● Exercise details:
The copy should begin at the line containing "white satin mary jane shoes" and end with the last line below, every line exact and no picture included.

● Excerpts from a dataset:
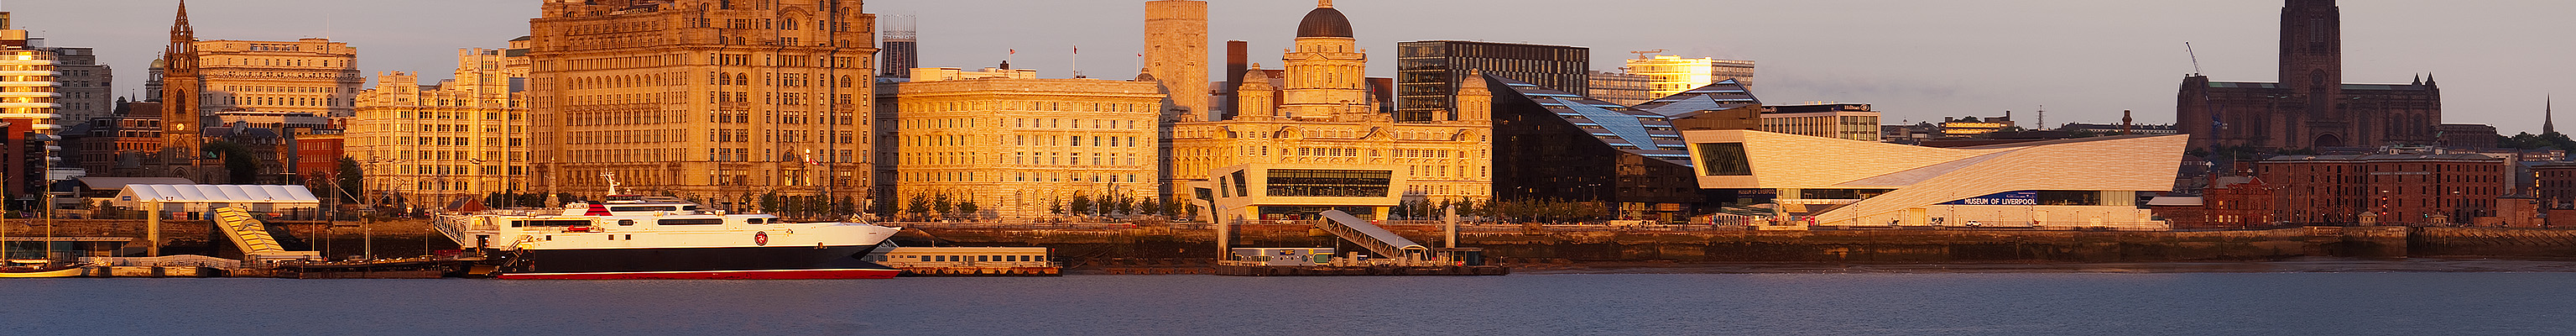 Liverpool. Fine Art Landscape Photography by Gary Waidson
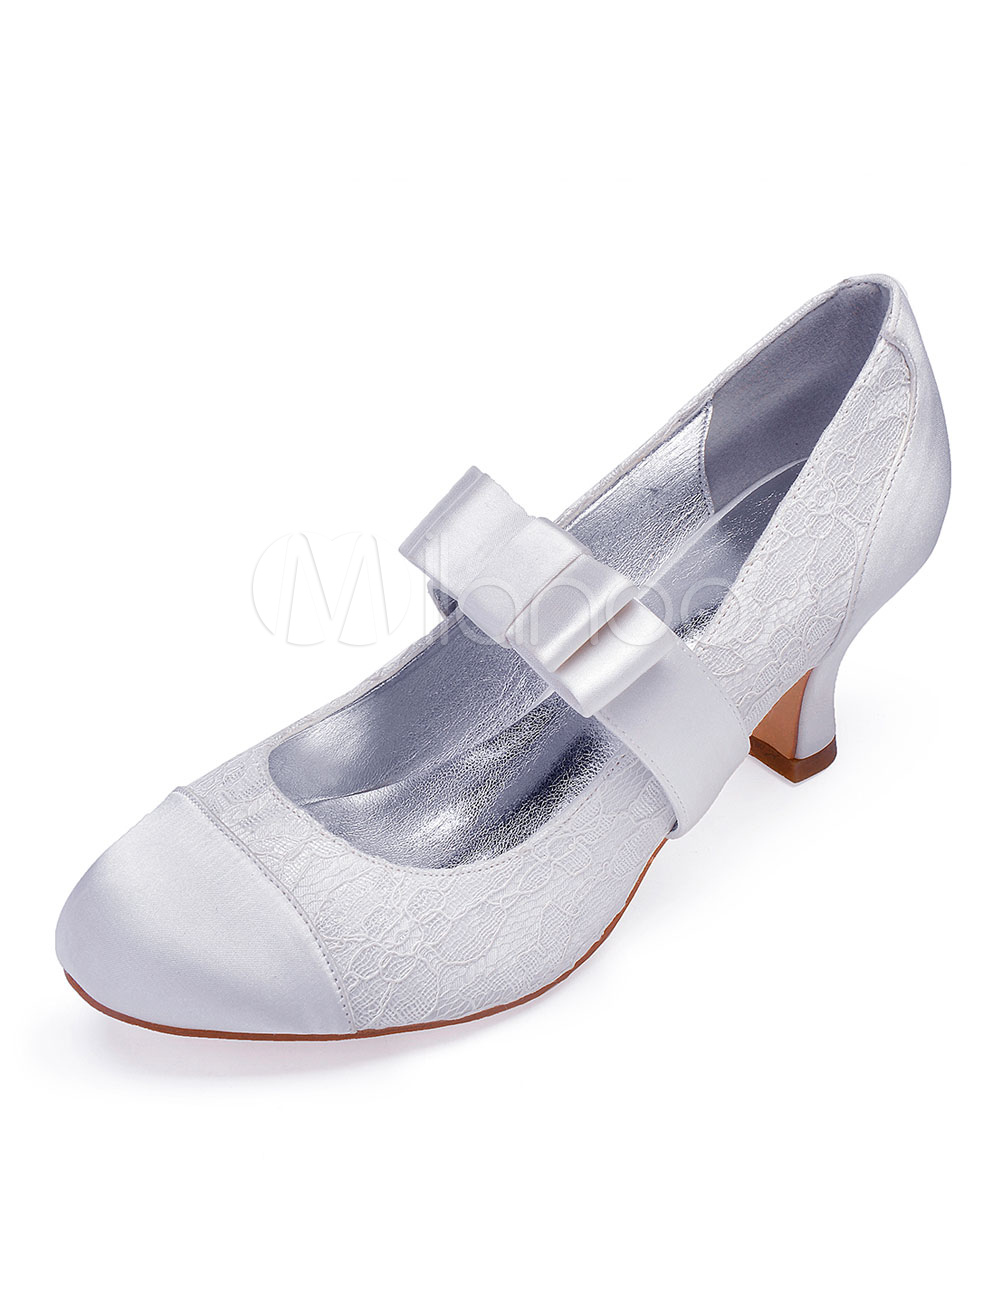 white satin mary jane shoes
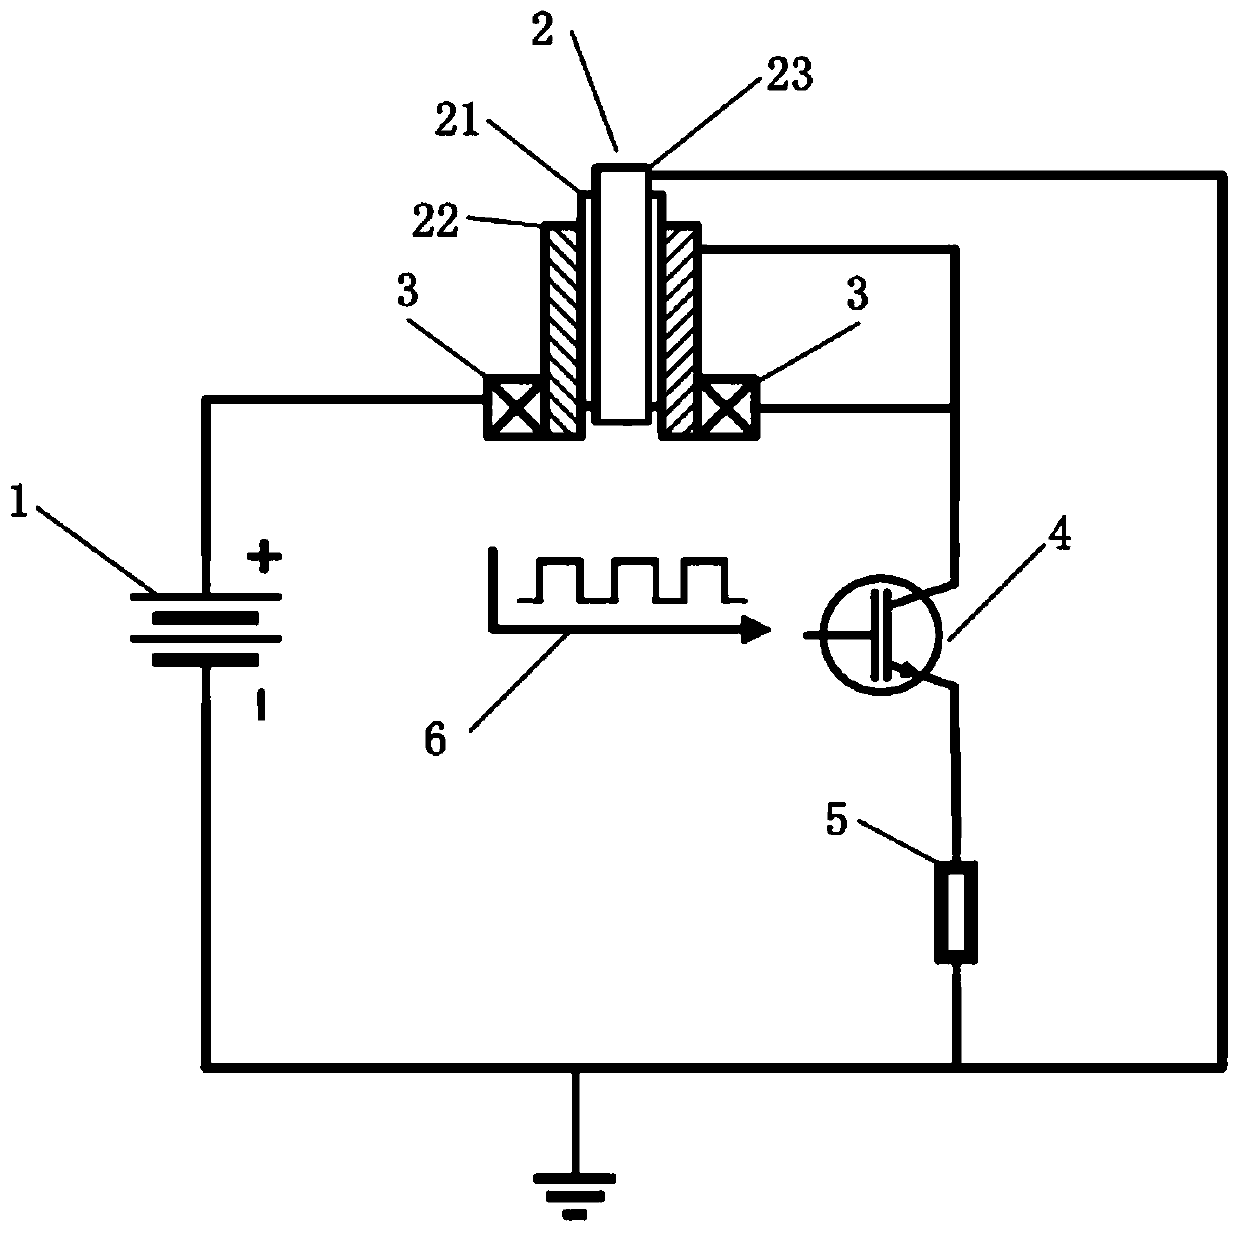 Micro-cathode arc propulsion system
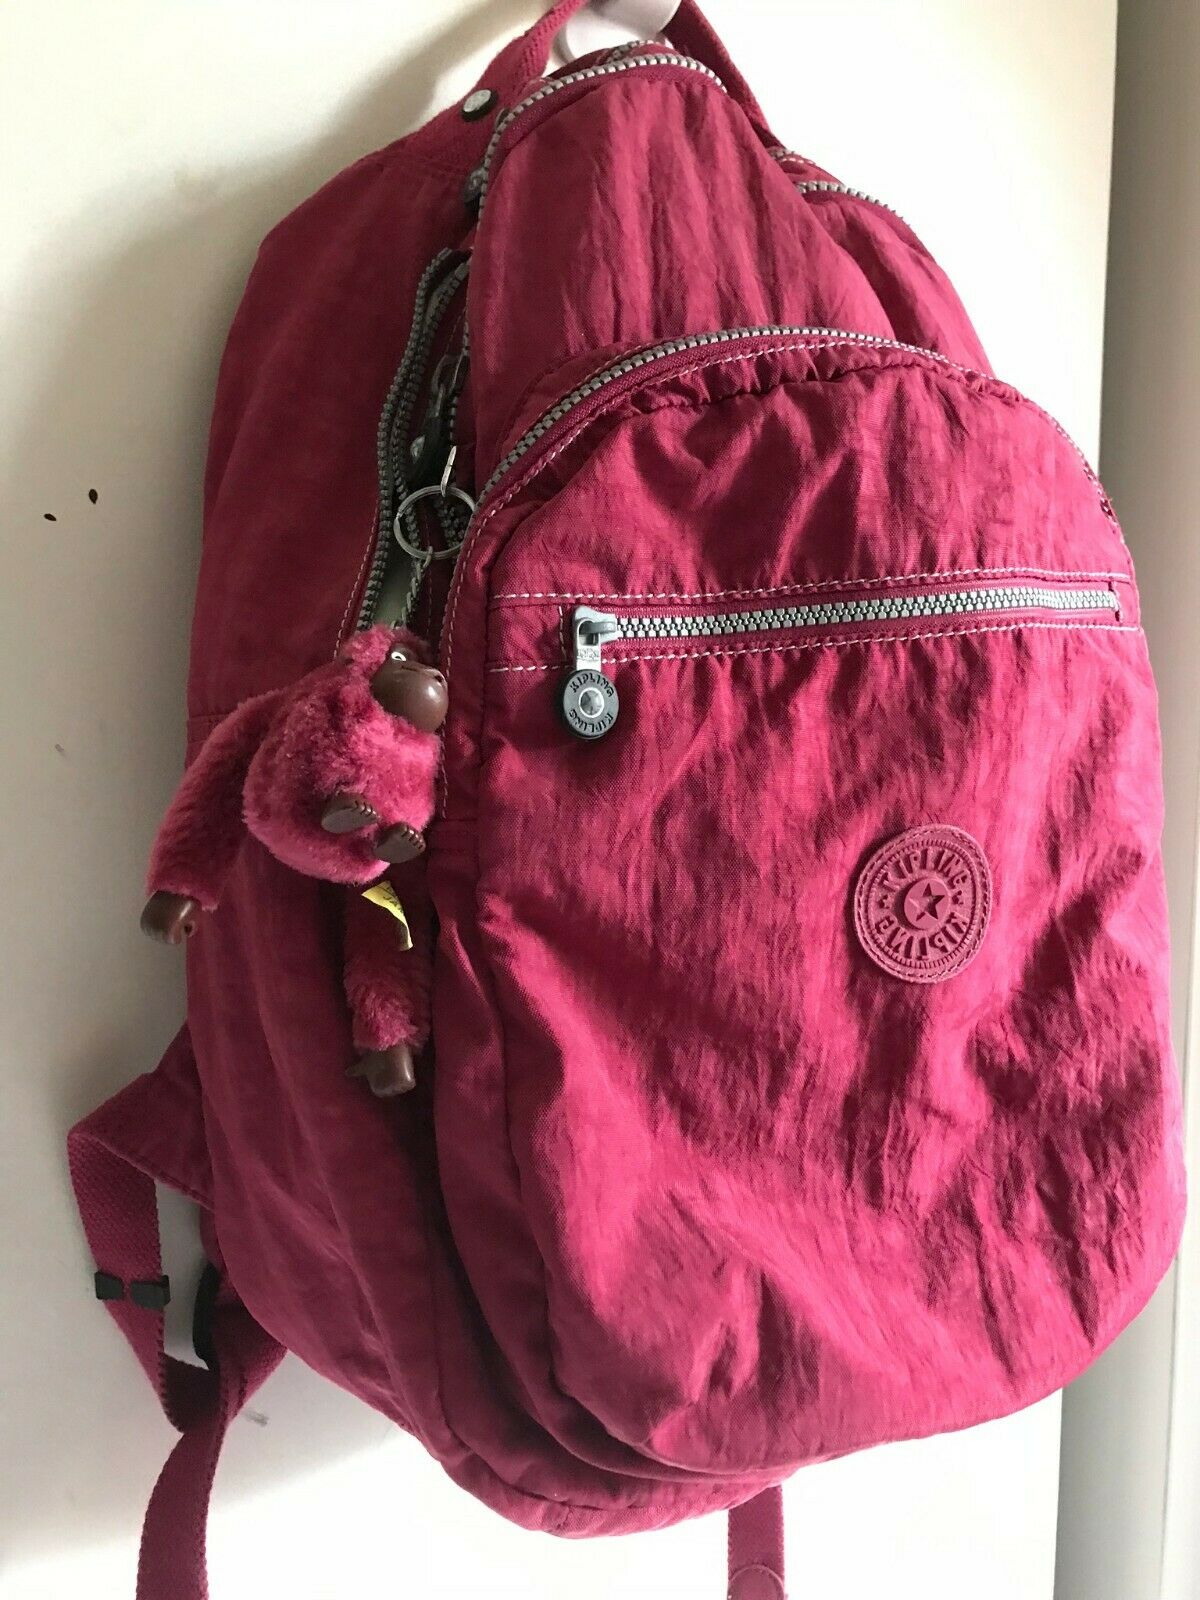 Kipling Red Backpack
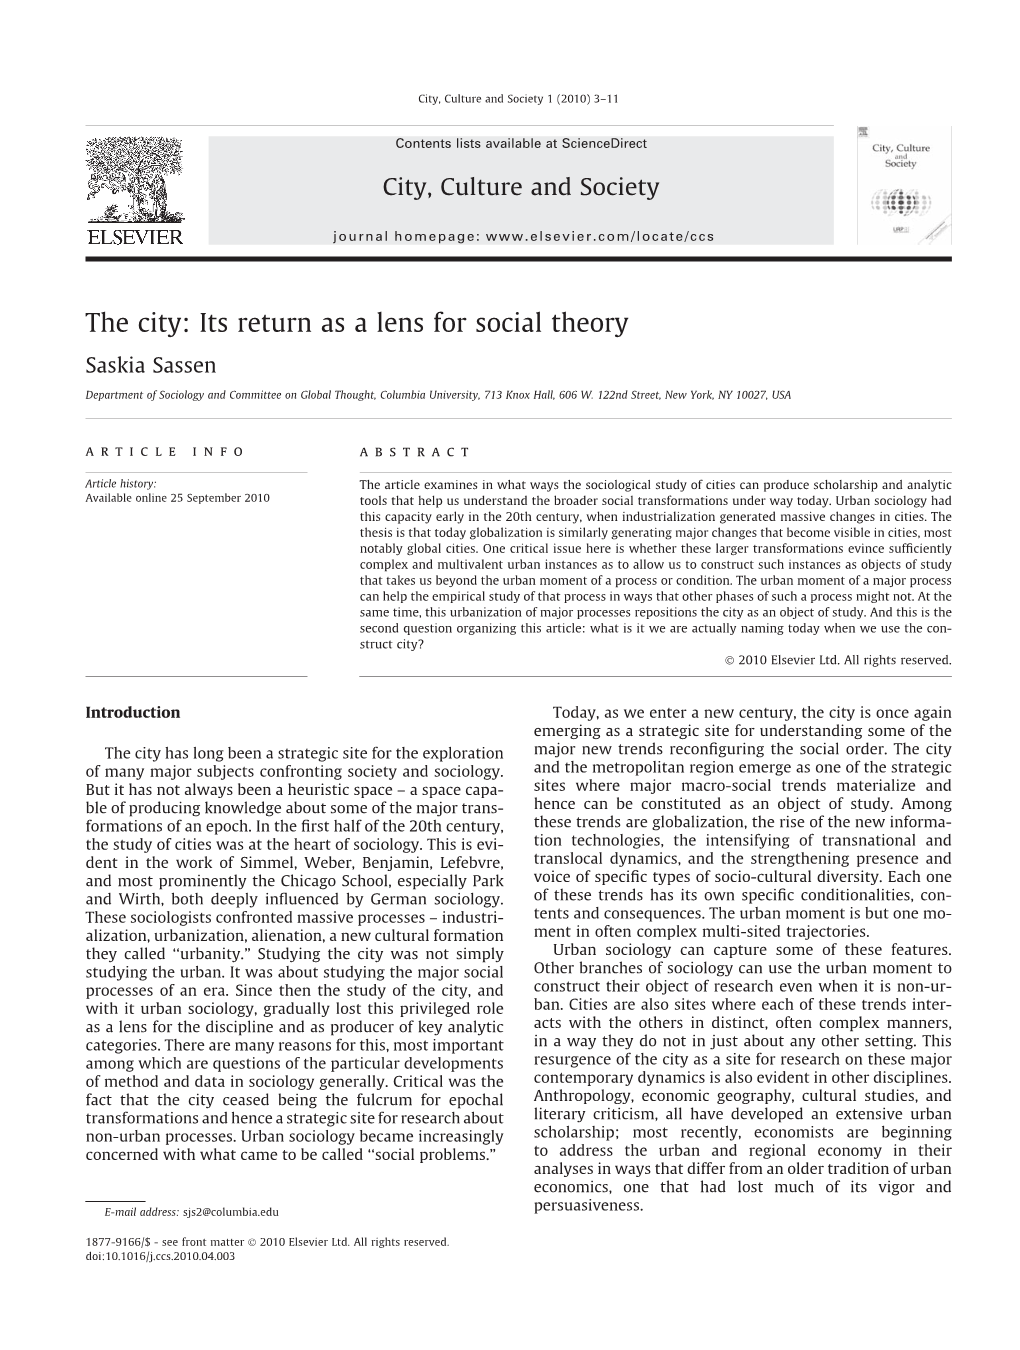 The City: Its Return As a Lens for Social Theory Saskia Sassen

● Final answer:
 white satin mary jane shoes
 Micro-cathode arc propulsion system
 Kipling Red Backpack
 The City: Its Return As a Lens for Social Theory Saskia Sassen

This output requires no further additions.